Mein Lieblingsfilm mit ihr ist „Knotenpunkt Bhowani“ von George Cukor, wo sie die fiebrige Gespaltenheit der Anglo-Inderin allein aus dem Wechselspiel zwischen lasziver Sinnlichkeit und strenger Körperdisziplin entstehen lässt. Mein Faible für sie verdankt sich mithin nicht nur ihrer Schönheit und prunkenden Sinnlichkeit. Aber mir imponiert eben auch, wie furchtlos sie das Mandat annahm, das skandalreiche Leben eines Stars zu führen, das die Ruchlosigkeit ihres Femme-Fatale-Images nicht imitieren musste, sondern eine eigene auratische Dichte besaß. Das Publikum spürte: Sie ist eine Frau, die nur sich selbst gehört, ein unkontrollierbares Wesen, das sich weigert, als Objekt von den Männern vereinnahmt zu werden.

Davon wird die Graphic Novel „Ava – Die barfüßige Gräfin“ von Ana Miralles und Emilio Ruiz getragen, die gerade bei Schreiber und Leser (in der Alles-Gute-Reihe) erschienen ist. Darin geht es allerdings tatsächlich um den Star, der nicht nur ein Leinwandgeschöpf ist, sondern auch ein Spielball der Publicity. Ava, die in Miralles' Strichführung meist wirklich wie sie selbst aussieht, befindet sich auf der Promo-Tour für den Titel stiftenden Film und Ruiz gelingt es, ihre Legende in einem Zeitraum von 48 Stunden zu bündeln, Es kommt nicht von ungefähr, dass ein spanisches Künstlergespann sich mit ihr beschäftigt und das Original bei Dargaud erschienen ist.

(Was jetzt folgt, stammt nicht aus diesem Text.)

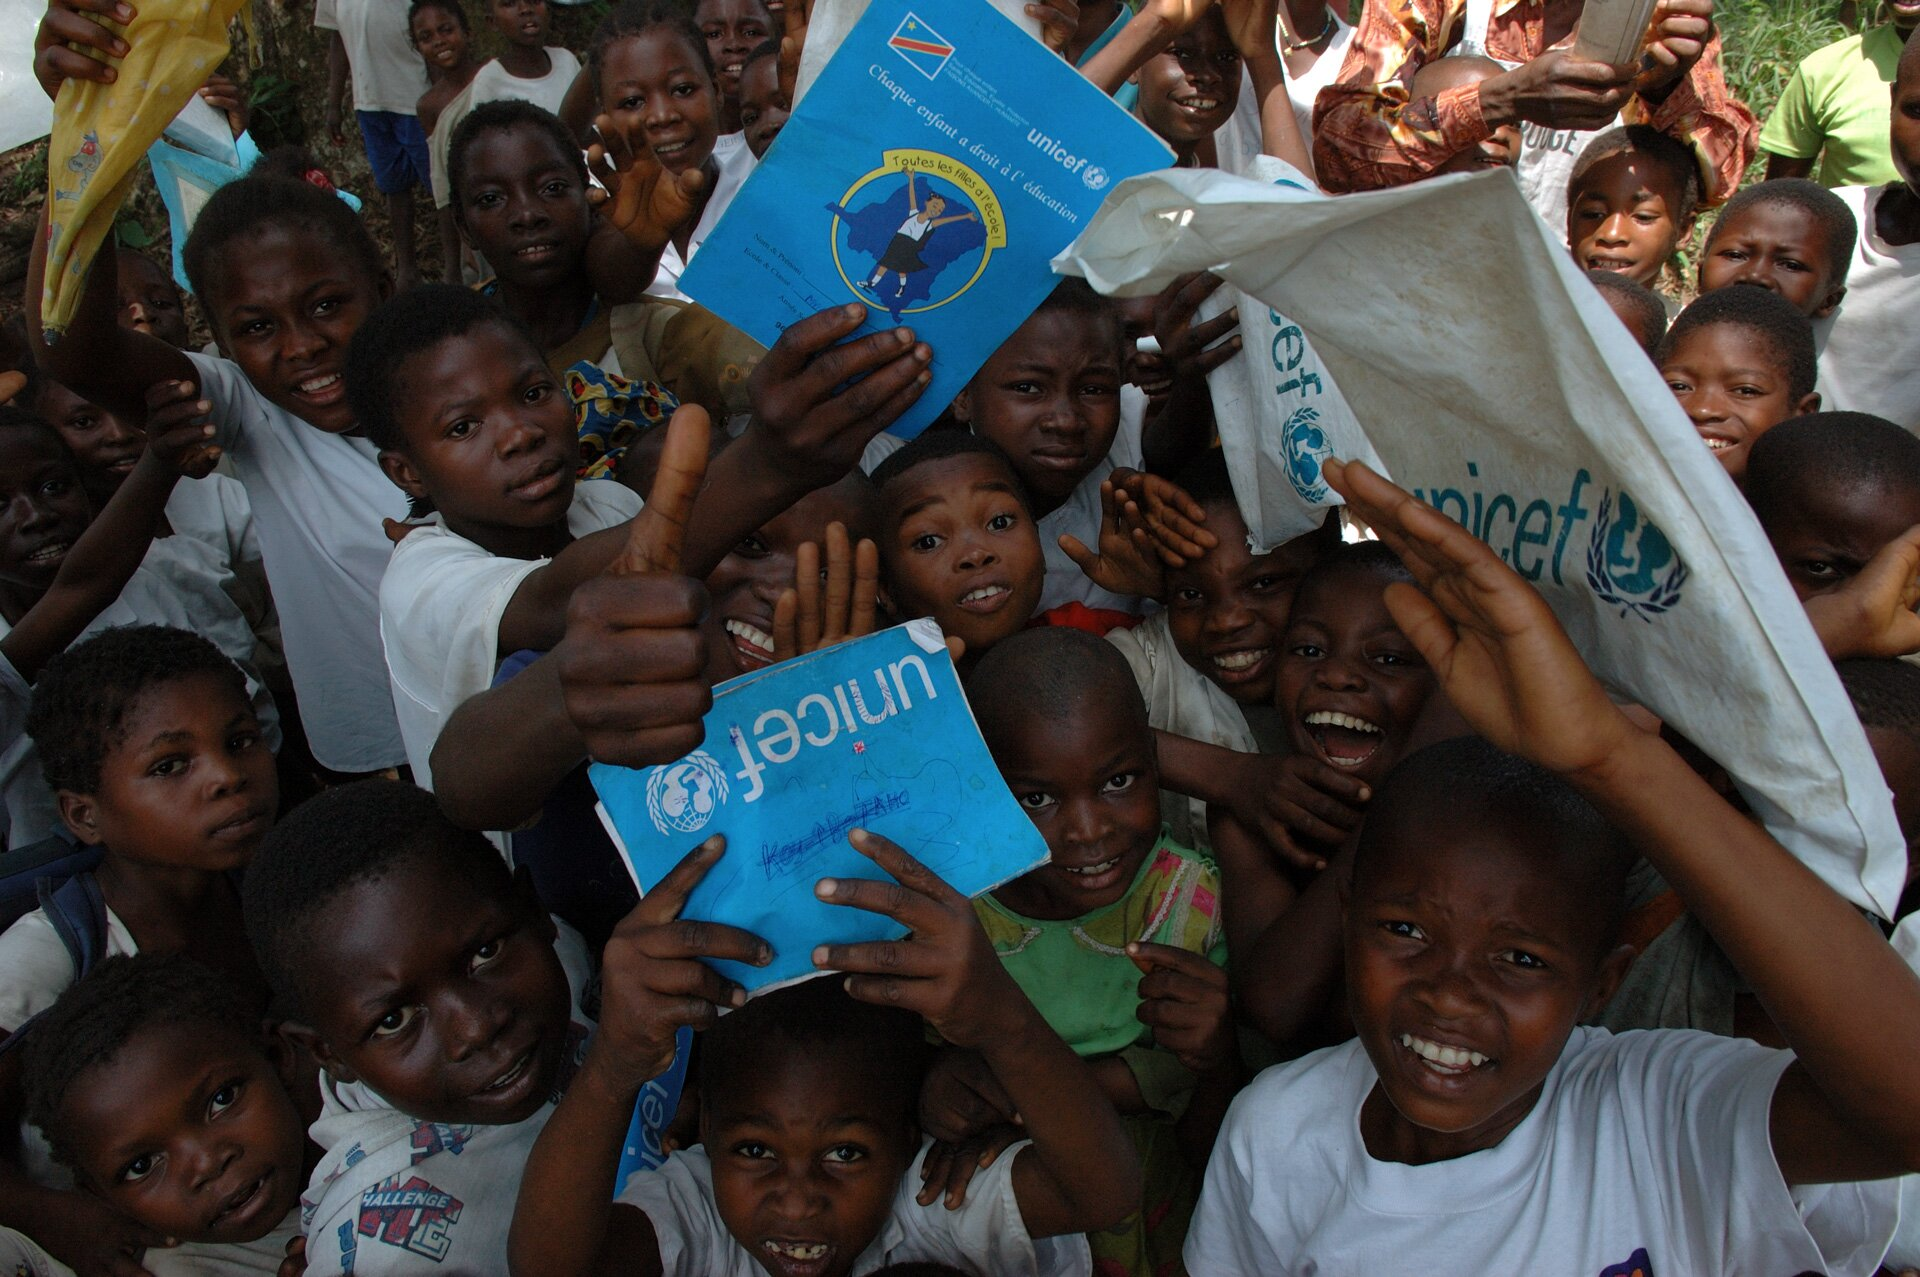 Dzieci objęte programem UNICEF:Powrót do szkoły

„Die barfüßige Gräfin“ war nirgendwo ein kapitaler Kassenerfolg, wurde aber von der französischen Kritik zum Mythos erhoben. Für Louis Malle gehörte der Filmstart neben der Niederlage von Dien Bien Phu zu den zwei einschneidenden Ereignissen des Jahres 1954. Seither erscheinen dort am laufenden Band Monographien oder Romane über sie; Xavier Giannoli hat einen pfiffigen Kurzfilm gedreht mit Mathieu Amalric als Journalisten, der verzweifelt versucht, ein Interview mit ihr zu führen und nie über die Sprechanlage ihres Domizils in London hinauskommt. Auf arte liefen gleich zwei Dokumentationen über sie, deren Schwerpunkt auf ihrer Beziehung zu Franco-Spanien liegt.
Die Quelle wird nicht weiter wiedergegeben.